# Need recipe for Making Melt and Pour soap



## julie1917 (Jan 6, 2008)

I trying to find a recipe for making Melt and Pour soap base. I want to make my own base instead of buying base. Any one have a recipe and instructions for doing this?


----------



## kidsngarden (Mar 24, 2006)

I don't but I am curious as to why one would want to...

It seems like it would take just as much effort and time to make it as it would to make CP or HP so why not just do that?

Bethany


----------



## MullersLaneFarm (Jul 23, 2004)

http://www.millersoap.com/glycerinsoap.html

http://crafty.dyskolus.com/cosmetics/clear1__cosmetics.html

http://www.bearchele.com/soap/Tutorial.html


----------



## julie1917 (Jan 6, 2008)

With melt and pour, I can use alot of different molds and create soaps with multiple colored soaps.


----------



## kidsngarden (Mar 24, 2006)

OK. I can do that with CP too though, not HP.
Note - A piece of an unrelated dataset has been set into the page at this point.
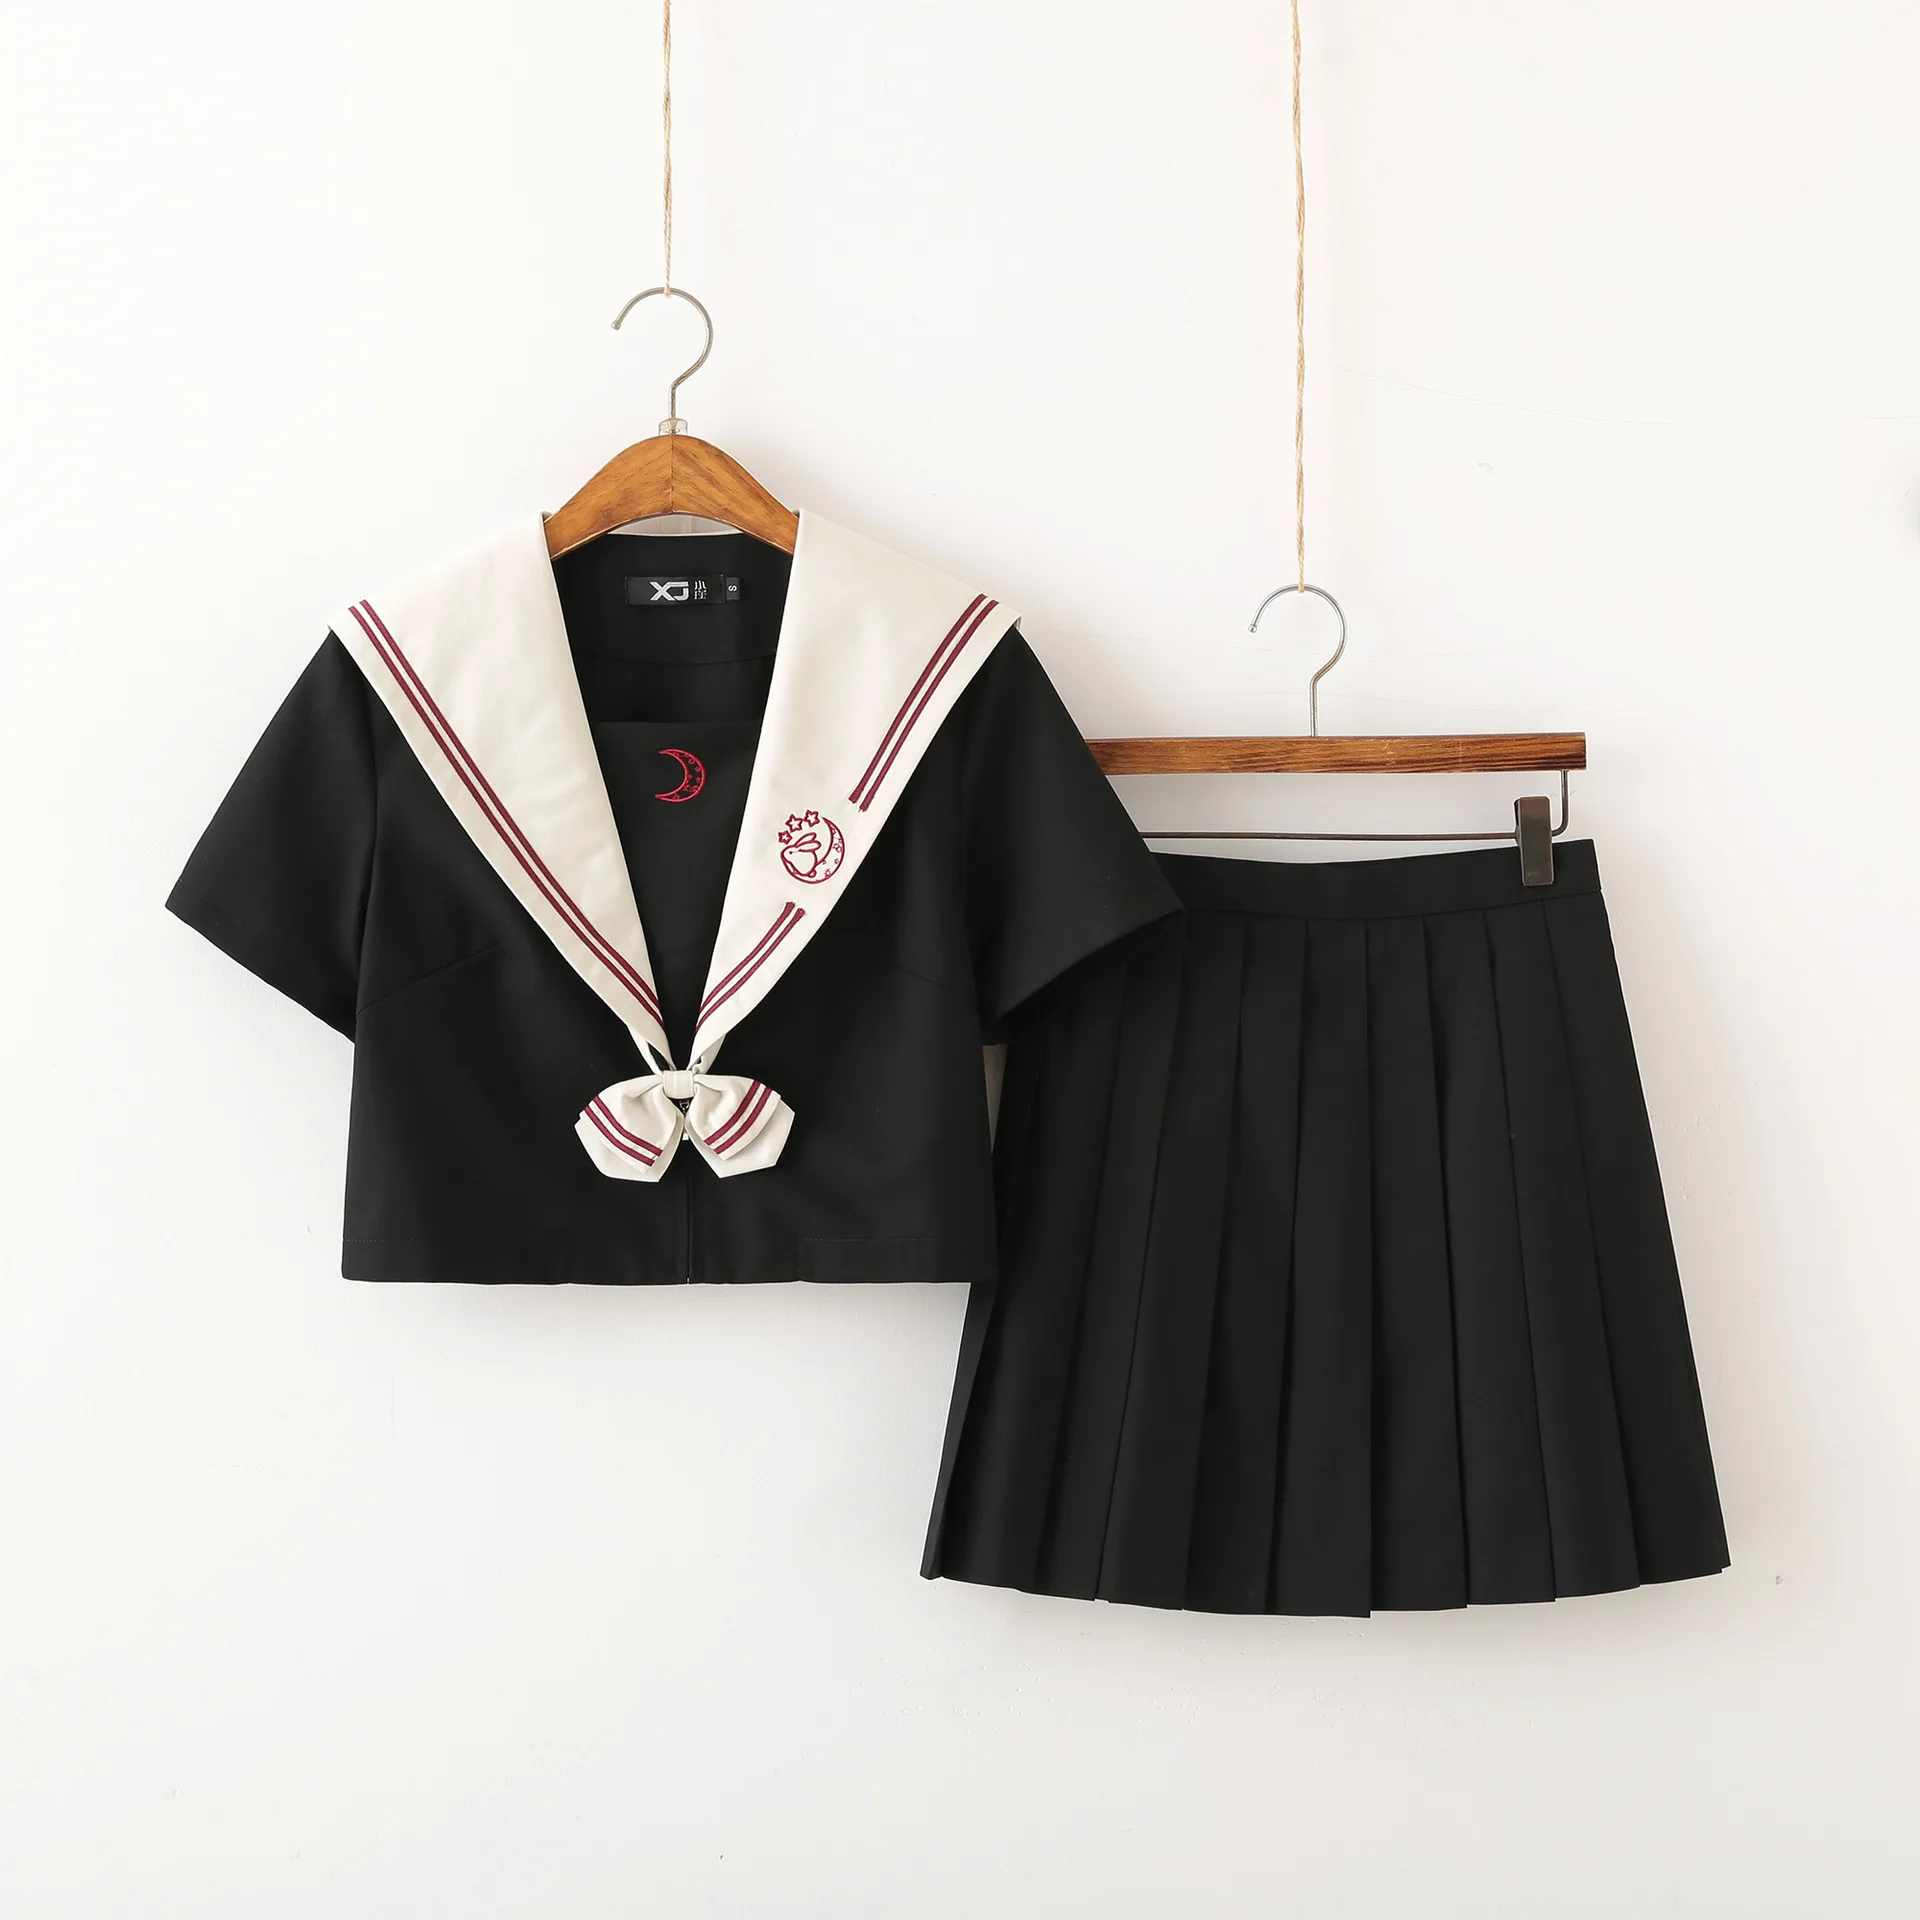 Японская школьная форма, юбка, матросский наряд, костюмы, униформа Jk, костюм, плиссированная юбка для девочек, аниме, косплей школьная форма, ...

Those were some cool recipes. Someday I might try to make a clear soap for inbeds.

Bethany


----------



## julie1917 (Jan 6, 2008)

With melt and pour, it can be used the minute it is set. Doesn't CP soap have to cure? Can I use my small plastic molds with CP soap? Like the 1oz sizes?


----------



## MullersLaneFarm (Jul 23, 2004)

CP soaps are safe to use once the saponification is complete. However they are better the longer they 'cure' because of the evaporation of the excess liquid used in the lye solution.

8 weeks used to be the standard 'cure' time, but if you are using a discounted lye solution, you can also discount the amount of cure time.


----------



## kidsngarden (Mar 24, 2006)

Yes, CP does have to cure 3-6 weeks minimum depending on the amount of liquid used. you can use any size molds, but the trick is to pour at a very thin trace or it won't catch the details. I also let it set for a couple of days in the mold and then put it in the freezer for 20 minutes or so for and easier release.

You can see the only molded soap I sell (I have done others just for fun for family gifts) here:
http://www.capellasgarden.com/product_info.php?cPath=19&products_id=66
It is the OMH bears at the bottom of the page. They are huge and done in silicone molds.

Yes, CP requires a little more patience than M&P so I guess it is up to your preference. But I think making melt and pour seems like a lot of time too.

Bethany


----------



## julie1917 (Jan 6, 2008)

Hi Bethany, I checked out your website. The bears are cute. Your describtion says they weigh 7 POUNDS. WOW!!! How is a kid supose to lift that to wash with??


----------



## kidsngarden (Mar 24, 2006)

OOPS! No one else has caught that and told me! Going to go change it to 7 OZ.

Bethany


----------